Enterramientos de Garcilaso de la Vega y de su padre en Toledo

Bécquer. Enterramientos de Garcilaso de la Vega y de su padre en Toledo. Revista La Ilustración de Madrid


En una de las iglesias de Toledo más llena de obras de arte y recuerdos históricos hay al extremo de la nave lateral de la derecha una capilla oscura y de reducidas proporciones, a la que da entrada un gran arco redondo y macizo de estilo greco-romano.

En el testero de la capilla se levanta el altar, en cuyo retablo, cargado de adornos de gusto dudoso, pero ricos, se descubre la imagen de la Virgen que le da nombre. La luz, que penetra por la cúpula del templo y se derrama suave y templada por su espacioso ámbito, llega allí cansada y confusa, y sus reflejos azules se mezclan con la claridad rosada de un transparente de color que ocupa el fondo del camarín de la Virgen, sobre el cual destaca por oscuro el contorno de la santa imagen. La primera vez que visité el convento a que pertenece esta iglesia, ni sabía su nombre ni mucho menos los tesoros de arte que encerraban sus muros. Cansado de dar vueltas al azar por las calles de Toledo, acerté a pasar por una plazuela tan excusada y sola, que la hierba crecía entre las piedras como en un prado. Vi a medio cerrar el postigo de un templo y entré en él, como entraba y salía por todos los que me iba encontrando en el camino.

El día estaba al caer, y en el interior reinaba el silencio más profundo, turbado solo por el ruido de los pasos de una especie de sacristán que iba y venía a lo largo de las naves, limpiando el polvo de los altares, arrastrando de acá para allá los bancos del coro, y atizando las lamparillas de un vía crucis.

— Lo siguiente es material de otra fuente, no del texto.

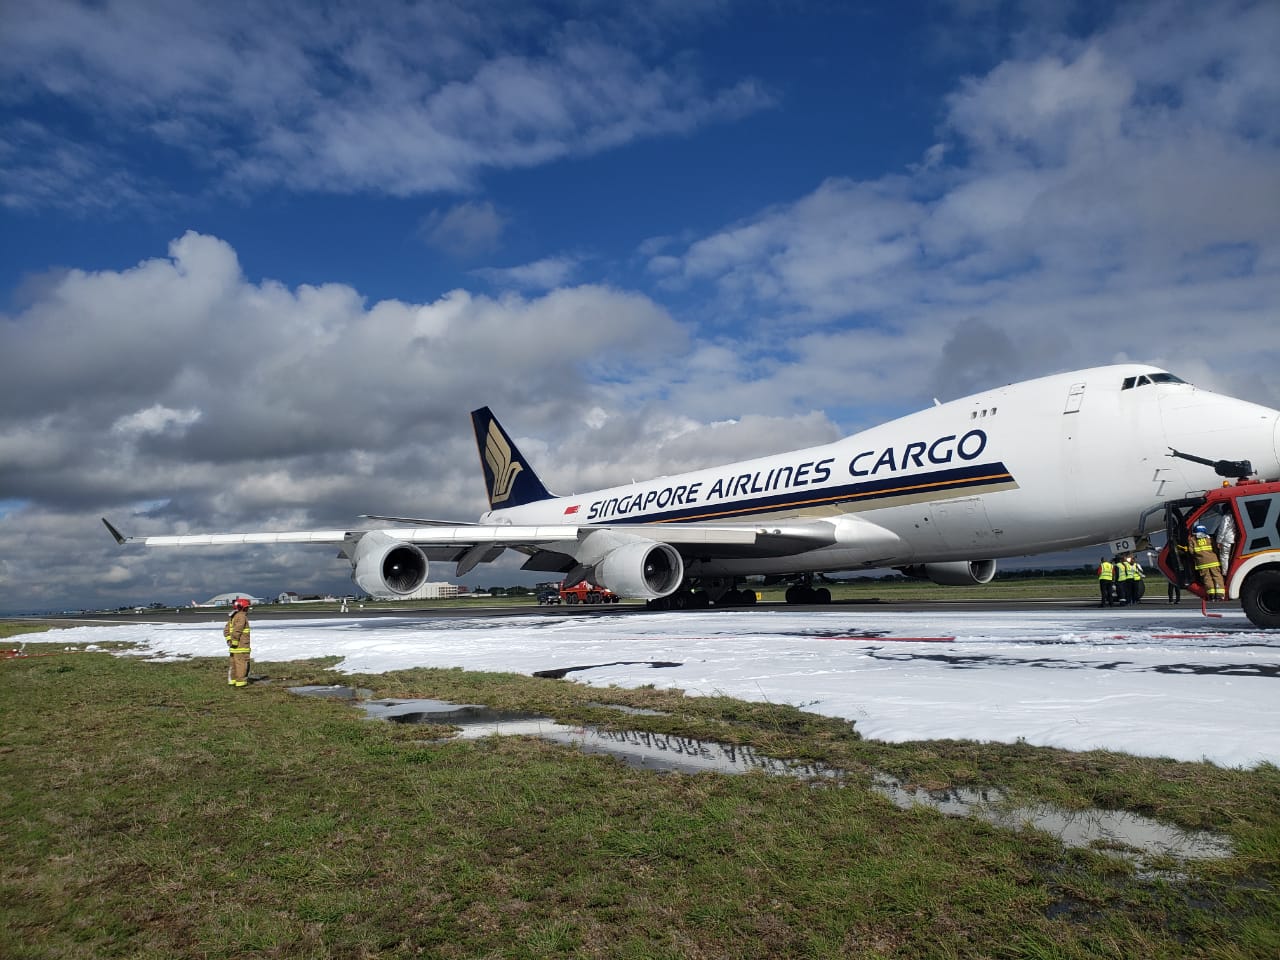 A Singapore Airlines freighter on the runway in Nairobi following a rejected takeoff.
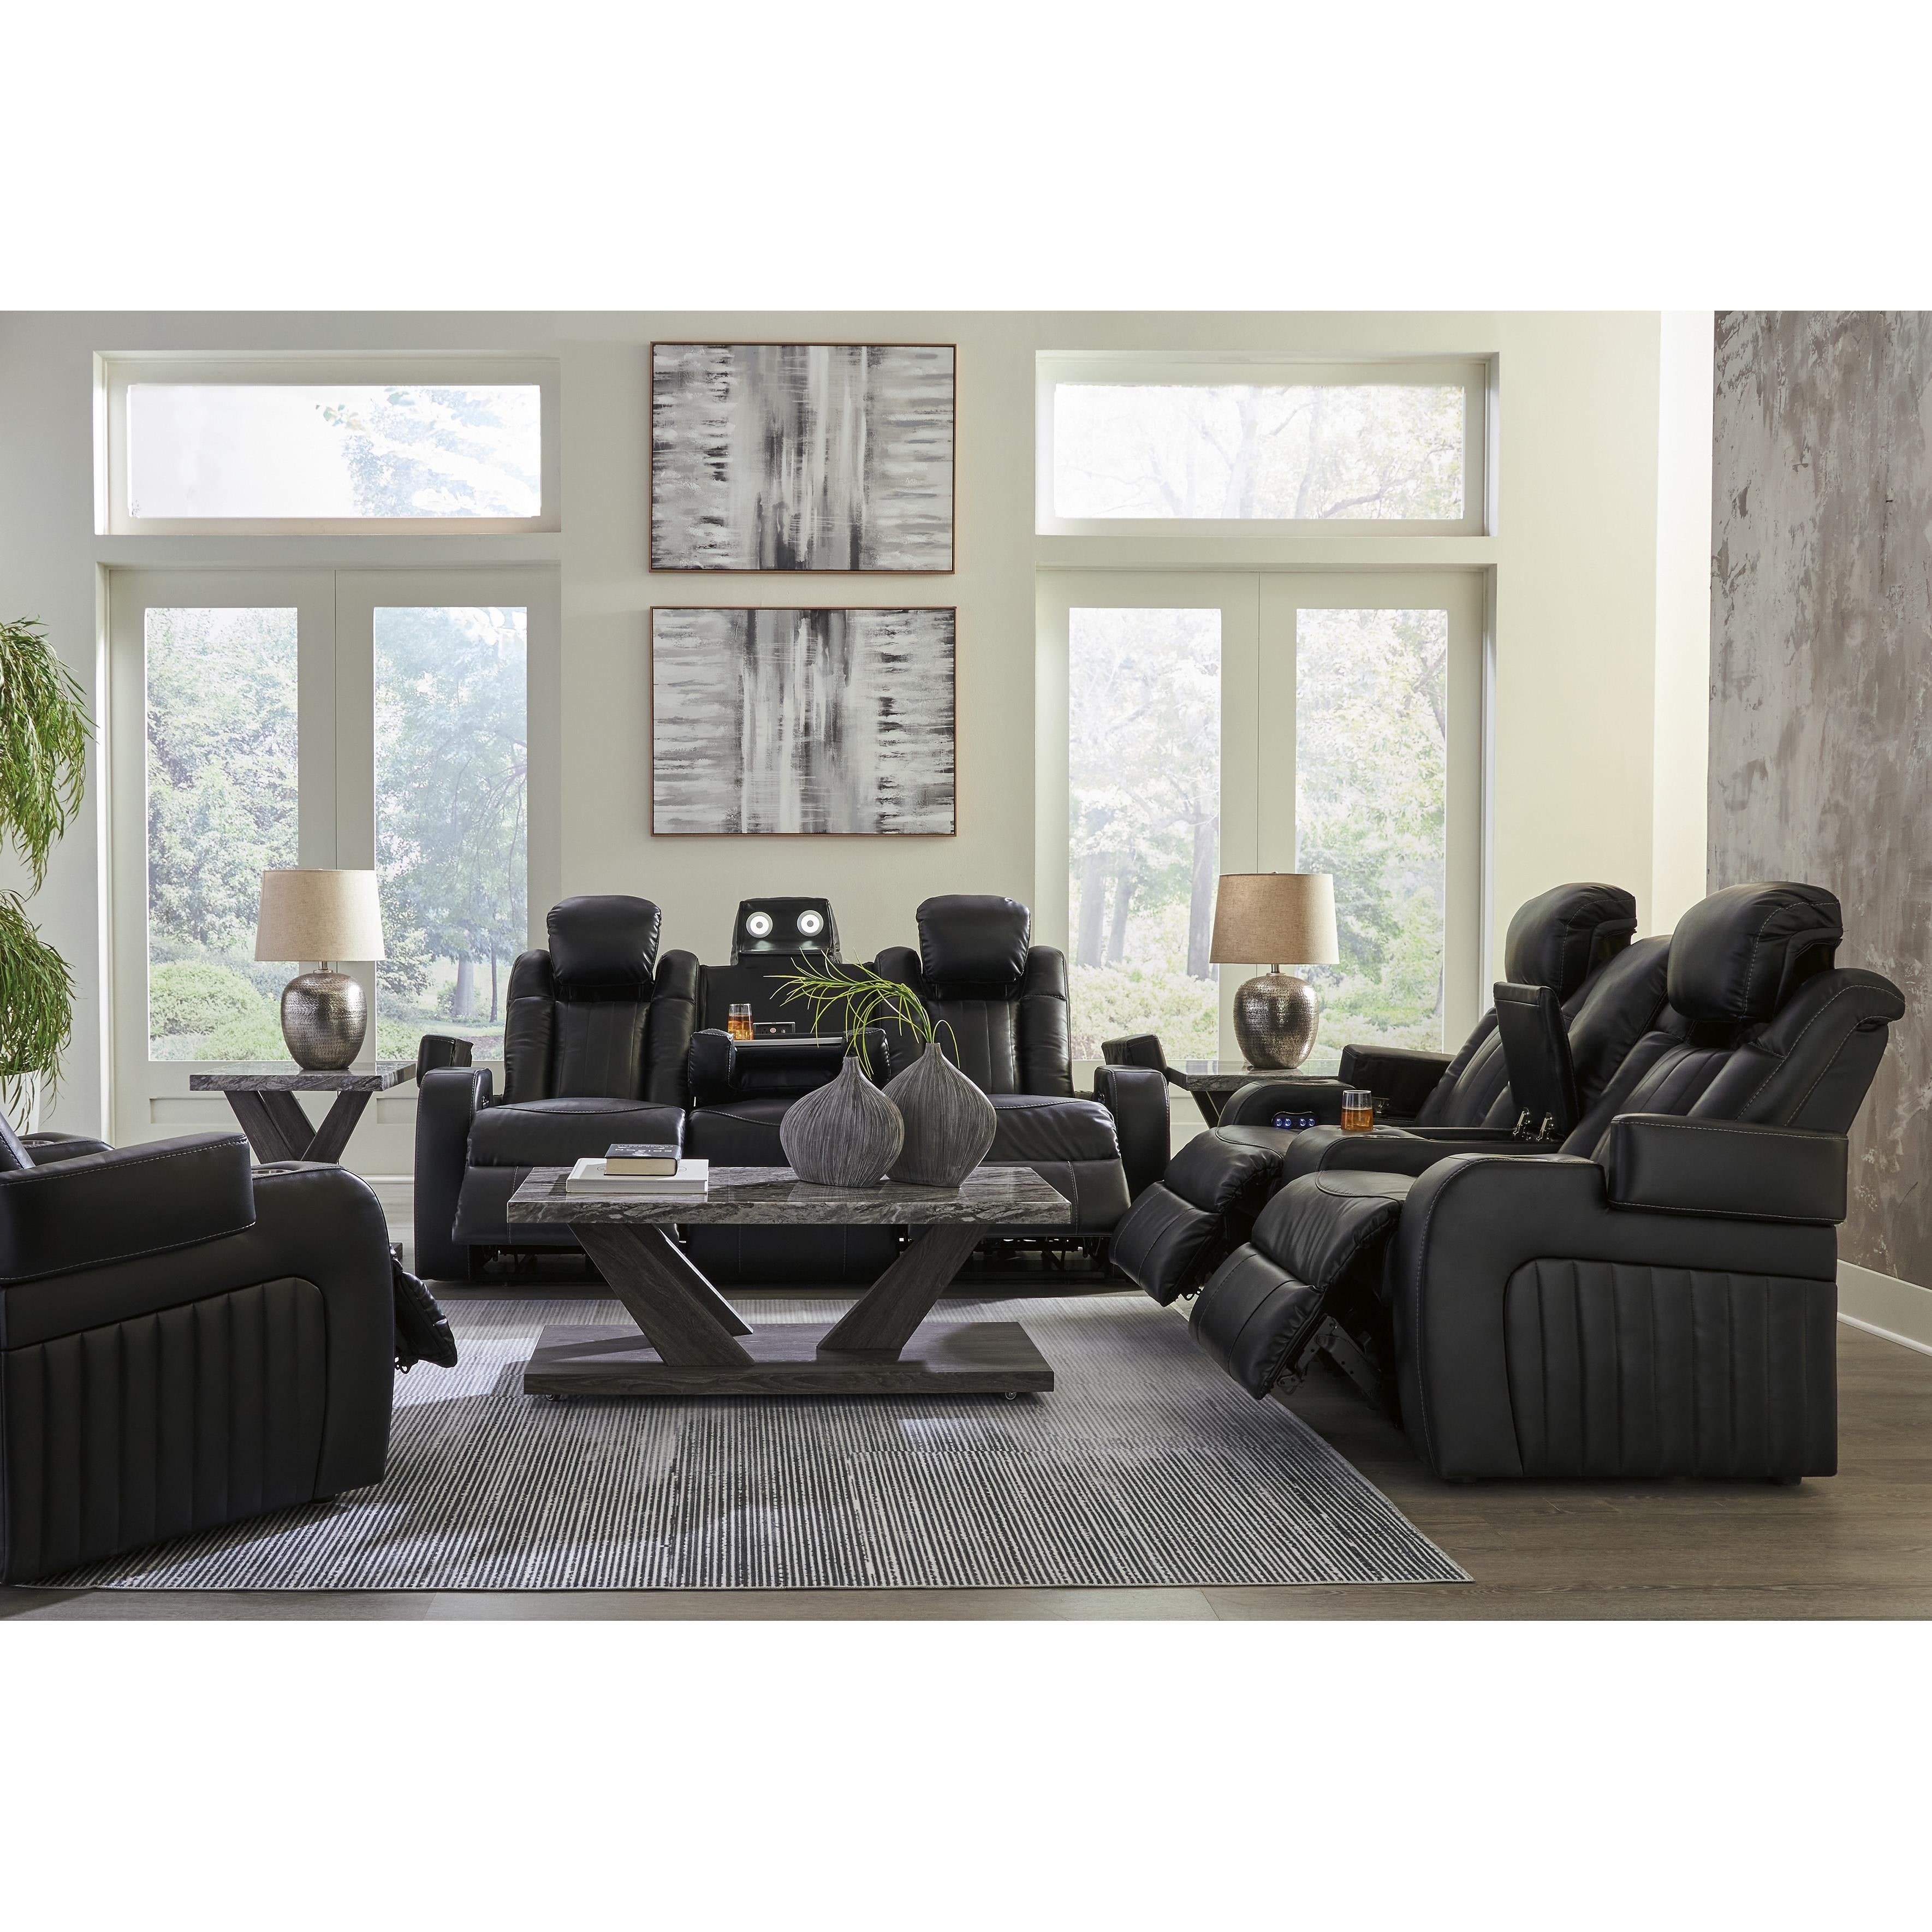 Signature Design by Ashley Caveman Den Power Reclining Leather Look Sofa 9070315 IMAGE 18

Largo tiempo estuve examinando algunos sepulcros notables esparcidos en diferentes puntos de la iglesia, tratando de descifrar sus borrosas inscripciones a la escasa luz que penetraba por los vidrios de la cúpula. Creía encontrarme solo en aquel sitio, sin otro compañero que el diligente sacristán, que no se daba punto de reposo en la operación de su minuciosa limpieza más que para hacer una genuflexión delante de cada altar de los que iba sacudiendo.

No obstante, al cabo de algunos minutos me pareció oír hacia el más apartado ángulo del templo un murmullo levísimo; especie de confuso silabeo como de persona que reza en voz baja y solo deja percibir a distancia el silbo suave de las eses que pronuncia.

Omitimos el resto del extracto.